Elle produit deux réponses à ses interrogations des 24 et 25 janvier 2012 émanant de la DRJCS – N O inspectrice responsable du pôle formation certification métier – et la retransmission de la réponse du ministère relativement à cette équivalence et à la possibilité en conséquence d’encadrer des cours collectifs en utilisant non des machines mécaniques – poids selon l’effet souhaité – mais des machines hydrauliques sans poids comme support de travail comme ce serait le cas au sein des salles Curves, ce qui n’a pas été contredit.
Force est de constater que l’employeur n’a pas interrogé la directrice départementale de la Cohésion Sociale du Morbihan à la suite du courrier du 16 décembre 2010 qui n’excluait pas madame X de toute activité à l’inverse de madame E la gérante, et qui contrairement à ce qui est indiqué dans la lettre de licenciement n’exigeait pas qu’il soit mis fin à l’activité de la salariée dans la structure, et ne menaçait pas de fermeture du centre en cas de maintien de la salariée.
Dès lors, en l’absence au surplus de tout élément sur l’activité administrative et commerciale de madame X, mais également sur les activités précises offertes aux adhérentes du club de sport et sur le matériel de la salle, le licenciement de madame X, dont il n’est pas établi que l’activité d’animatrice sportive au sein de la salle de sport Curves n’était pas possible au regard du diplôme qu’elle détenait et de son équivalence, apparaît sans cause réelle et sérieuse.
Madame X est en conséquence en droit d’obtenir des dommages-intérêts pour licenciement sans cause réelle et sérieuse, en application des dispositions de l’article L. 1235-5 du code du travail.
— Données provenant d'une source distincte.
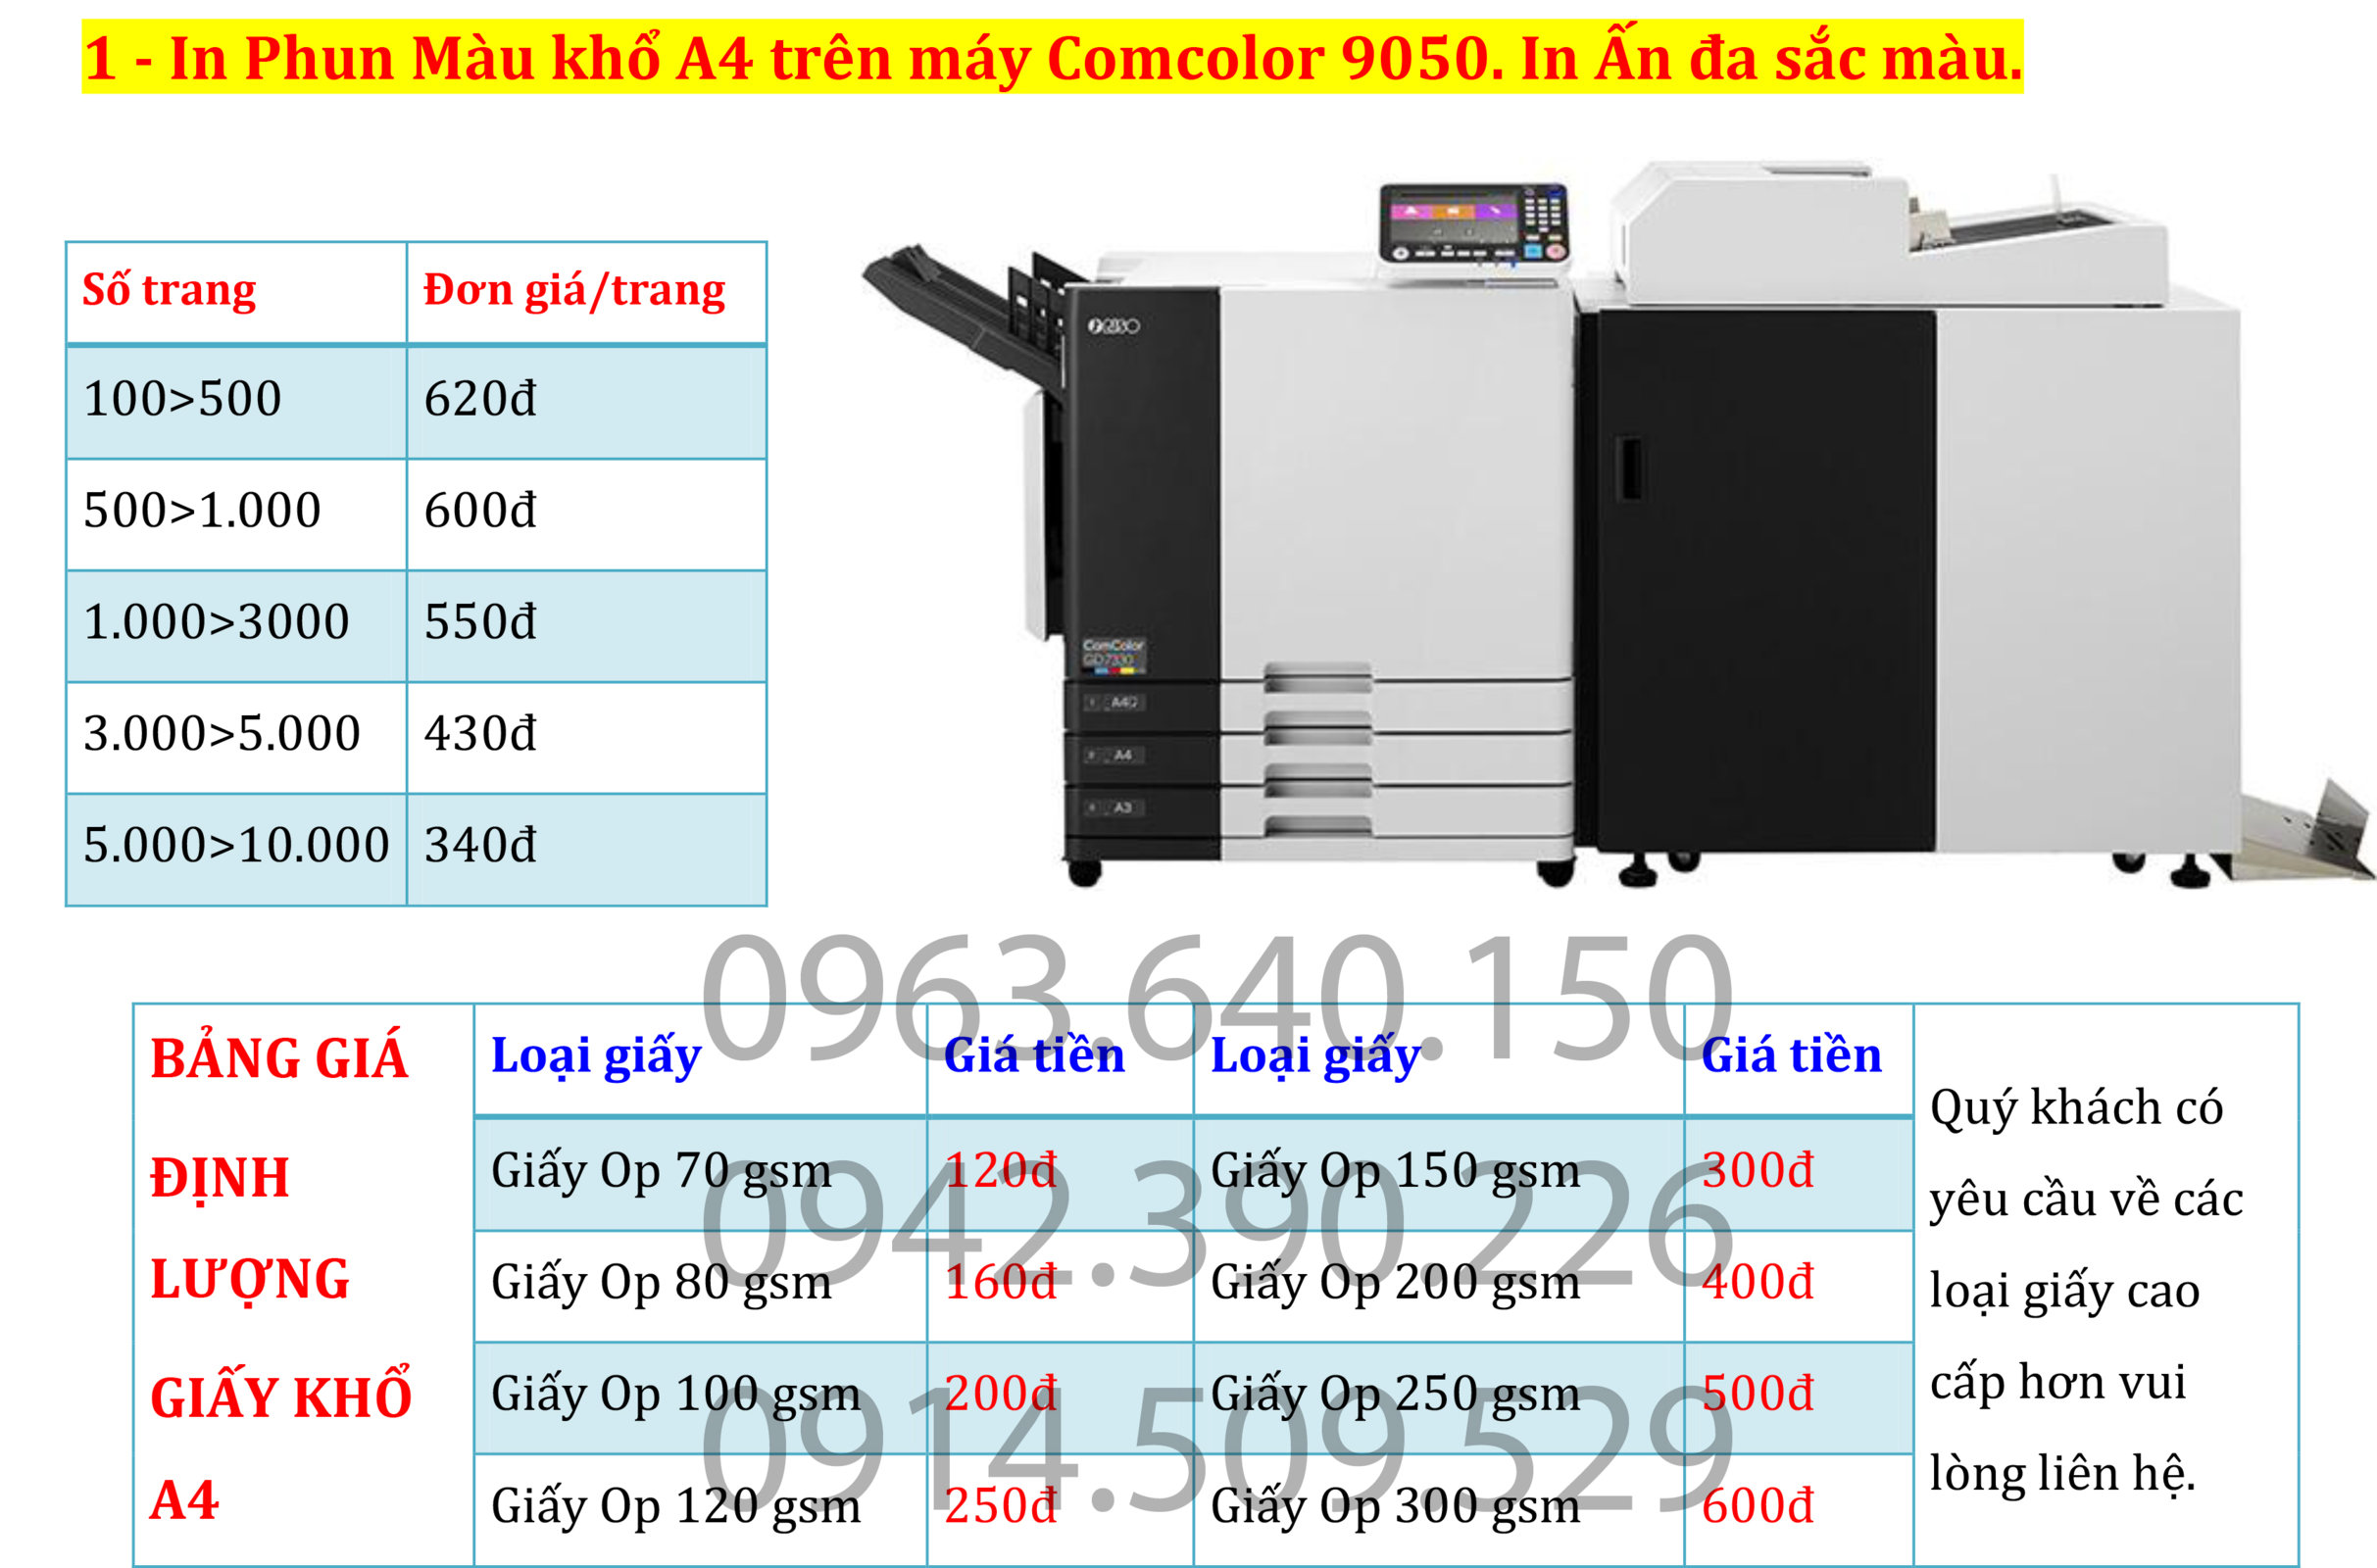 2. In ấn tài liệu màu. photo tài liệu màu giá rẻ tại Hà Nội...jpg

Elle percevait un salaire moyen de 1.655,21 euros bruts, montant non contesté et fait valoir qu’elle a, après une période de chômage, suivi une formation du 1er septembre 2012 au 31 août 2013 et a été engagée à temps partiel en juillet 2013 par deux contrats à durée indéterminée cumulant ainsi 15 heures hebdomadaires, sans cependant justifier de sa situation financière exacte actuelle.
Il lui sera alloué en conséquence la somme de 10.000€.
L’équité impose de faire droit en outre à sa demande fondée sur l’art 700 du code de procédure civile.
PAR CES MOTIFS
LA COUR,
Infirme le jugement déféré en toutes ses dispositions,
Statuant à nouveau,
Dit que madame X a fait l’objet de harcèlement moral,
Dit que le licenciement de madame X est sans cause réelle et sérieuse,
Fixe en conséquence la créance de madame X au passif de la liquidation judiciaire de la Sarl Golfe Forme aux sommes suivantes :
-1.000 euros de dommages et intérêts en réparation de son préjudice moral,
— 10.000 euros au titre des dommages et intérêts pour licenciement abusif,
— 1.000 euros au titre de l’article 700 du code de procédure civile,
Déclare le présent arrêt commun et opposable au CGEA centre ouest, dans les limites prévues aux articles L. 3253-6 et suivants du code du travail,
Met à la charge de la liquidation judiciaire de la Sarl Forme Golfe les dépens éventuels des deux instances.